Chairman-Division of Cellular Biology, Hektoen Institute for Medical Research, Chicago, IL 60612, USA; Departments of Biochemistry and Urology, Rush University Medical Center, Chicago, IL 60612, USA; The Division of Urology, Stroger Hospital of Cook County, Chicago, IL 60612, USA.
Ther Adv Urol. 2011 Apr;3(2):51-7. doi: 10.1177/1756287211400493.
Antisense oligonucleotides (oligos) have been employed against in vivo and in vitro prostate cancer models targeting growth stimulatory gene products. While most oligos have targeted growth factors or their receptors, others have been directed against inhibitors of apoptosis. In LNCaP cells we evaluated a set of oligos which targeted and comparably suppressed the expression of the apoptosis inhibitor protein Bcl-2. LNCaP cells adapted to this restoration of apoptosis with a compensatory suppression of caspase-3 expression, a nontargeted promoter of this process. In a continuation of this study we now evaluate the expression of the androgen receptor (AR) following oligo mediated regulation of apoptosis with suppression of Bcl-2.
Monospecific and bispecific oligos directed against Bcl-2 suppressed both the targeted Bcl-2 protein (an inhibitor of apoptosis) and the nontargeted caspase-3 (a promoter of apoptosis), potentially negating the effect on apoptosis produced by specific inhibition of Bcl-2. In contrast, the expression of the AR was significantly enhanced by each type of oligo.
This suggests that when Bcl-2 expression is inhibited there are compensatory changes in the expression of additional proteins which regulate tumor growth, apoptosis and cell survival, and in this scenario might increase or re-establish hormonal sensitivity. If tumors variants are selected which evade gene therapy additional mechanisms of compensation must be identified and subsequently suppressed.
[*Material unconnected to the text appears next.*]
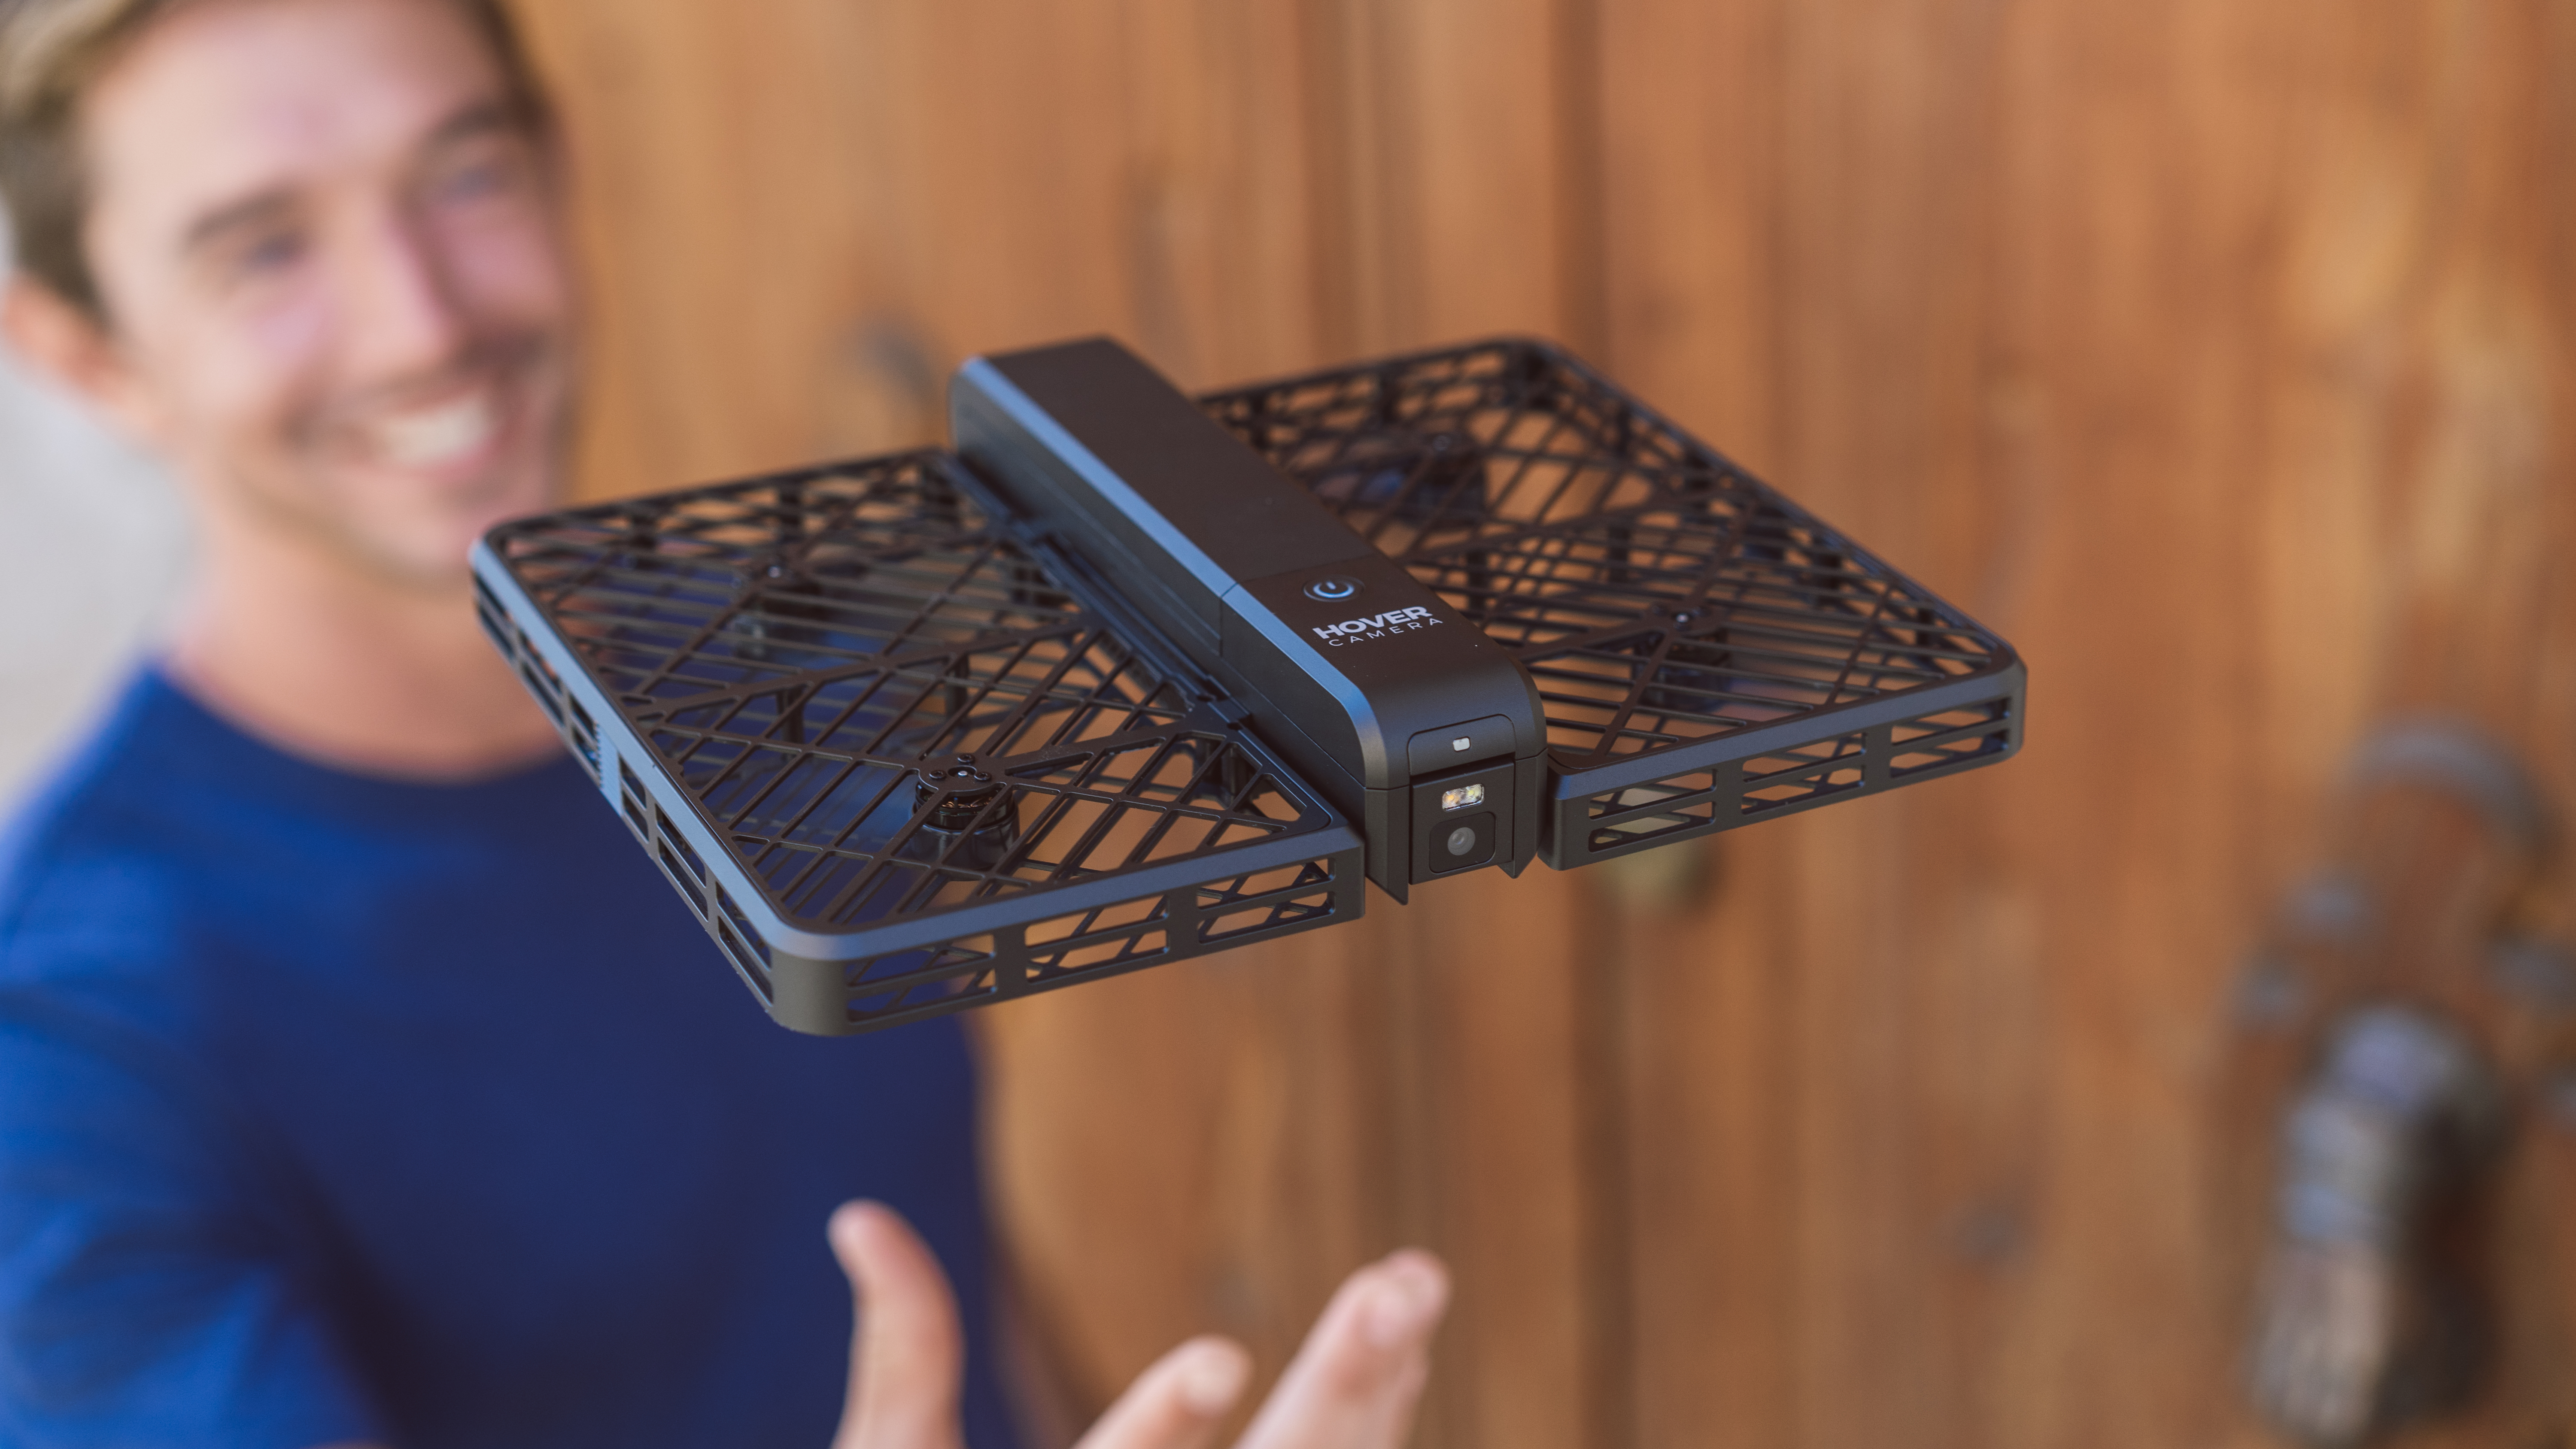 Selfie Drones Go Mainstream as Hover Camera Hits Apple Stores

These experiments identify pathways by which tumors can develop resistance to gene therapy and suggests additional targets for intervention.
反义寡核苷酸(oligos)已被用于针对前列腺癌的体内和体外模型,以靶向生长刺激基因产物。虽然大多数寡核苷酸针对生长因子或其受体,但其他寡核苷酸则针对凋亡抑制剂。在 LNCaP 细胞中,我们评估了一组针对凋亡抑制剂蛋白 Bcl-2 并可比较地抑制其表达的寡核苷酸。LNCaP 细胞通过 caspase-3 表达的代偿性抑制来适应这种凋亡的恢复,caspase-3 是该过程的非靶向启动子。在这项研究的延续中,我们现在评估了在 Bcl-2 介导的凋亡调节后,雄激素受体(AR)的表达。
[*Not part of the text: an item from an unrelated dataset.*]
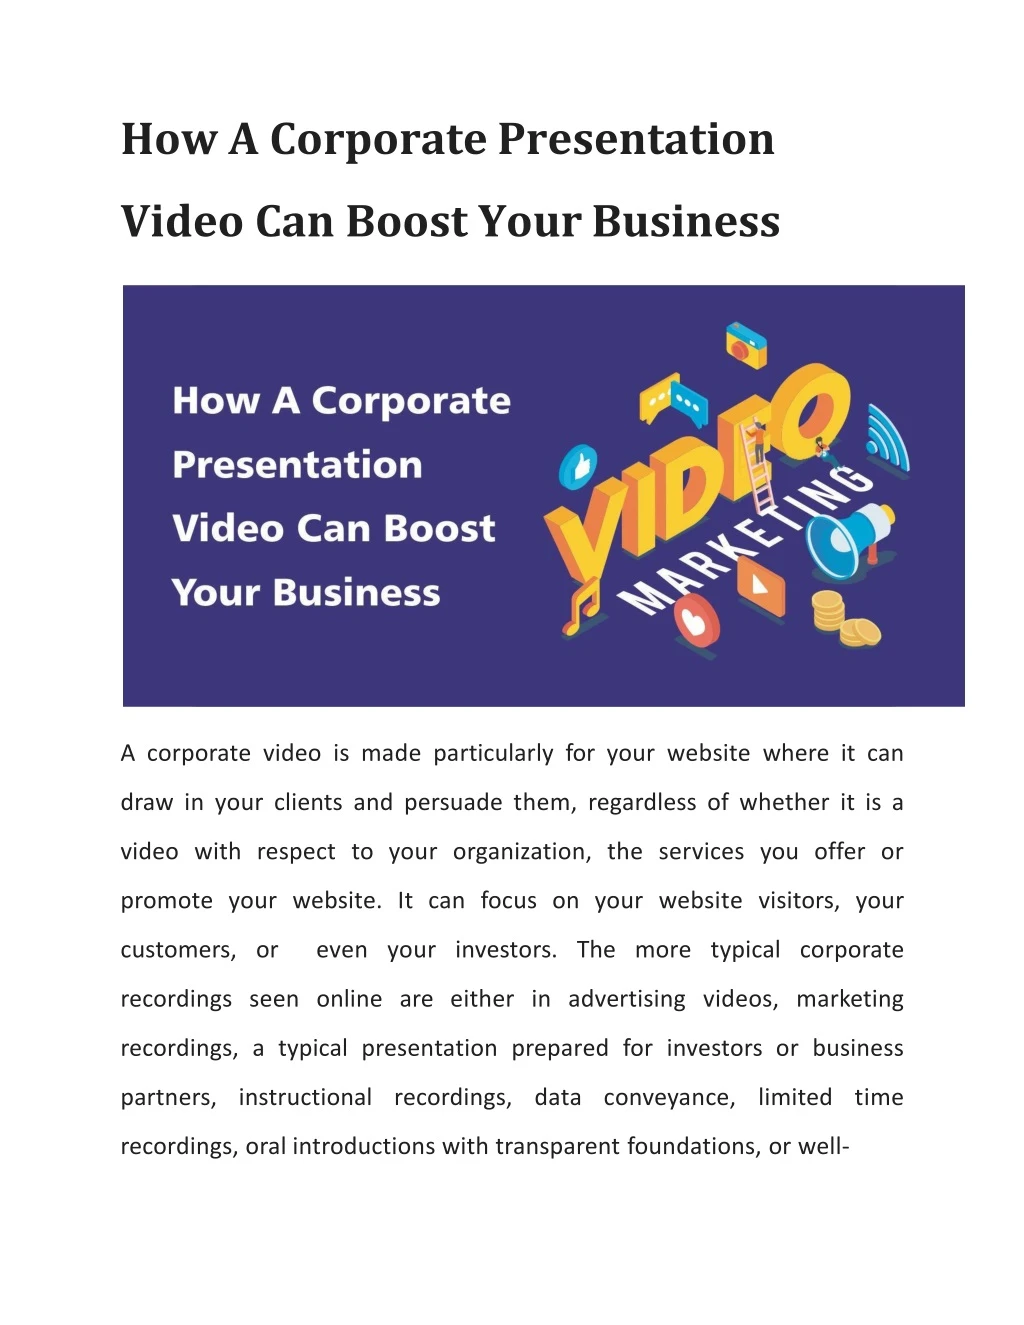 how a corporate presentation video can boost your business

针对 Bcl-2 的单特异性和双特异性寡核苷酸均抑制了靶向 Bcl-2 蛋白(凋亡抑制剂)和非靶向 caspase-3(凋亡促进剂),可能否定了对 Bcl-2 特异性抑制产生的凋亡作用。相比之下,每种寡核苷酸都显著增强了 AR 的表达。
这表明,当 Bcl-2 表达被抑制时,会有额外的蛋白质表达发生代偿性变化,这些蛋白质调节肿瘤生长、凋亡和细胞存活,并且在这种情况下可能会增加或重新建立激素敏感性。如果肿瘤变体逃避基因治疗,必须识别并随后抑制其他代偿机制。这些实验确定了肿瘤对基因治疗产生抗性的途径,并提示了其他干预目标。